Elektronische Gesundheitskarte: Keine verpflichtende Online-Anbindung

Jüngste Meldungen, nach denen die Organisationen der Leistungserbringer ihr Einverständnis erklärt haben sollen, die Praxen zu einer Online-Anbindung der elektronischen Gesundheitskarte (eGK) zu verpflichten, werden von der Kassenzahnärztlichen Bundesvereinigung (KZBV) zurückgewiesen. "Wir haben einer verpflichtenden Online-Anbindung der Arzt- bzw. Zahnarztpraxen mitnichten zugestimmt", sagte Dr. Günther E. Buchholz, stv. Vorsitzender des Vorstands der KZBV. Und weiter: "Das habe ich gestern im Gespräch mit dem Bundesgesundheitsminiterium auch noch einmal klar gesagt."

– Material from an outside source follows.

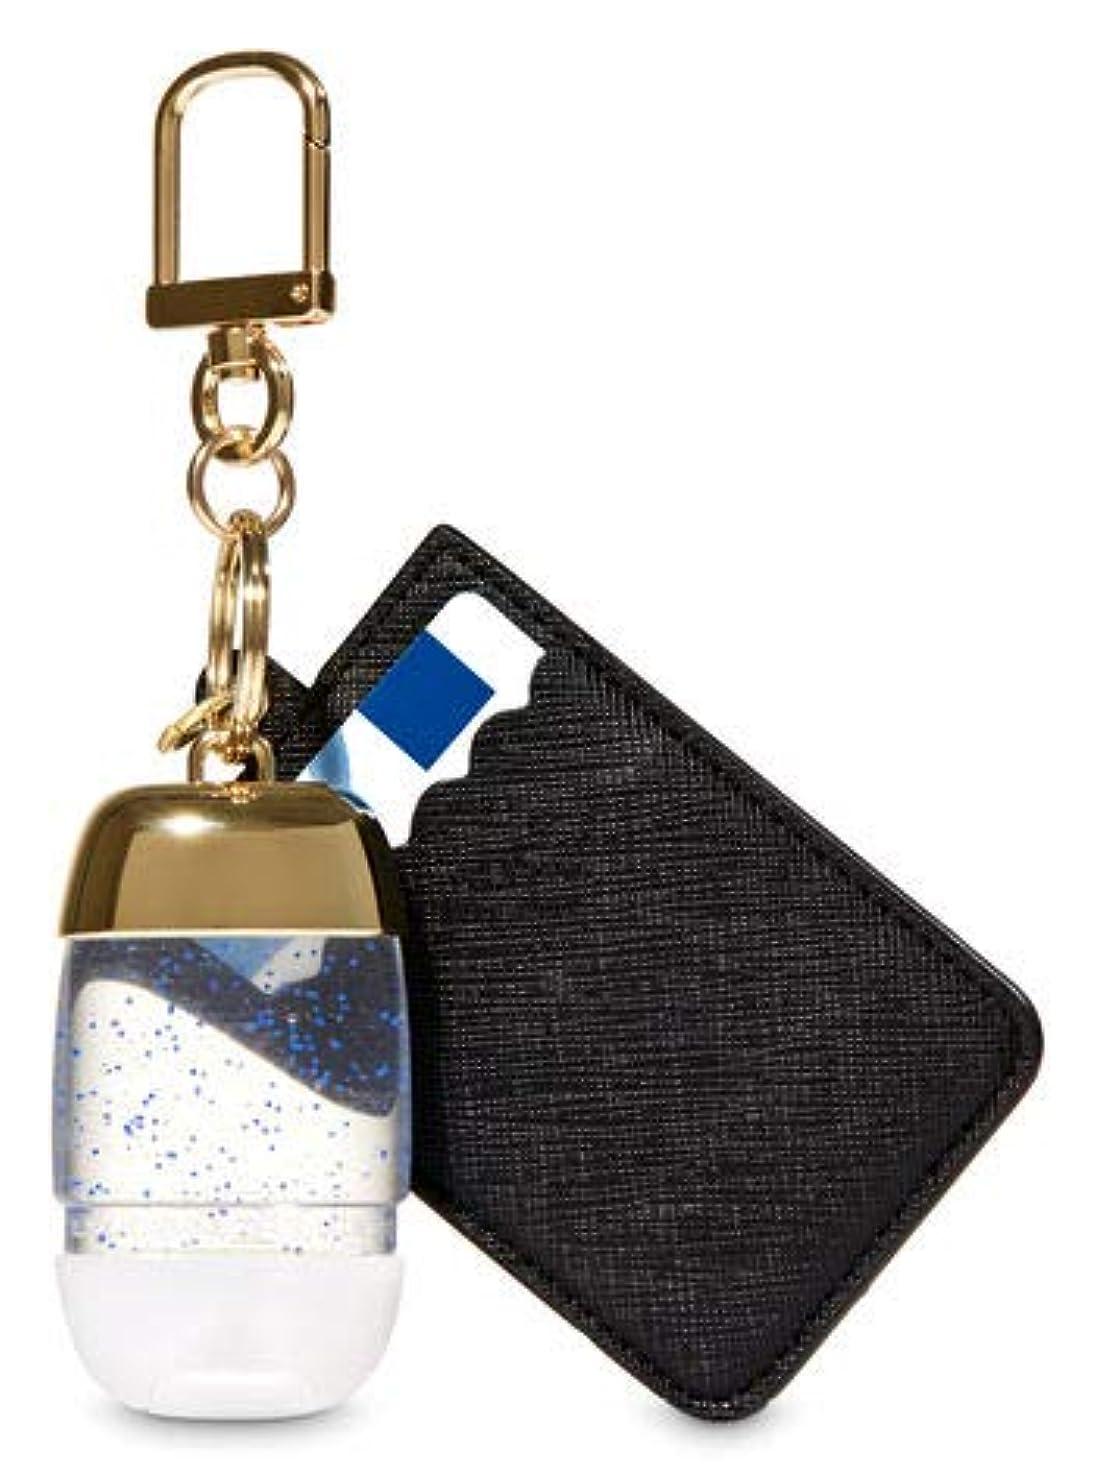 助けて用心深いなぜなら【Bath&Body Works/バス&ボディワークス】 抗菌ハンドジェルホルダー カードケース ブラック&ゴールド Credit Card & PocketBac Holder Black & Gold [並行輸入品]

Wie Buchholz betonte, lehne es die KZBV nach wie vor ab, Praxen auf einen Online-Zugang zu verpflichten. "Für uns ist Freiwilligkeit weiterhin ein elementarer Punkt", sagte der stv. Vorstandsvorsitzende. Der Minister habe jedoch keinen Zweifel daran gelassen, dass er einen verpflichtenden Online-Abgleich der Versichertenstammdaten durchsetzen wolle. Buchholz dazu: "Unter dem Eindruck dieser Ankündigung haben wir im Rahmen eines Gesamtpaketes von zahnärztlicher Seite aus gefordert, dass es auf jeden Fall eine Möglichkeit geben muss, den Online-Zugang wenigstens von der Praxisverwaltungssoftware abzutrennen, in der sich die medizinischen Daten der Patienten befinden." Nach diesem Modell würde lediglich das Kartenlesegerät zur Überprüfung der Versichertenstammdaten an das Netz angeschlossen, die sensiblen Patientendaten aber blieben vor einem Online-Zugriff geschützt.

Für Rückfragen:
KZBV, Tel.: 030 – 28 01 79 27


(Quelle: Pressemitteilung der KZBV)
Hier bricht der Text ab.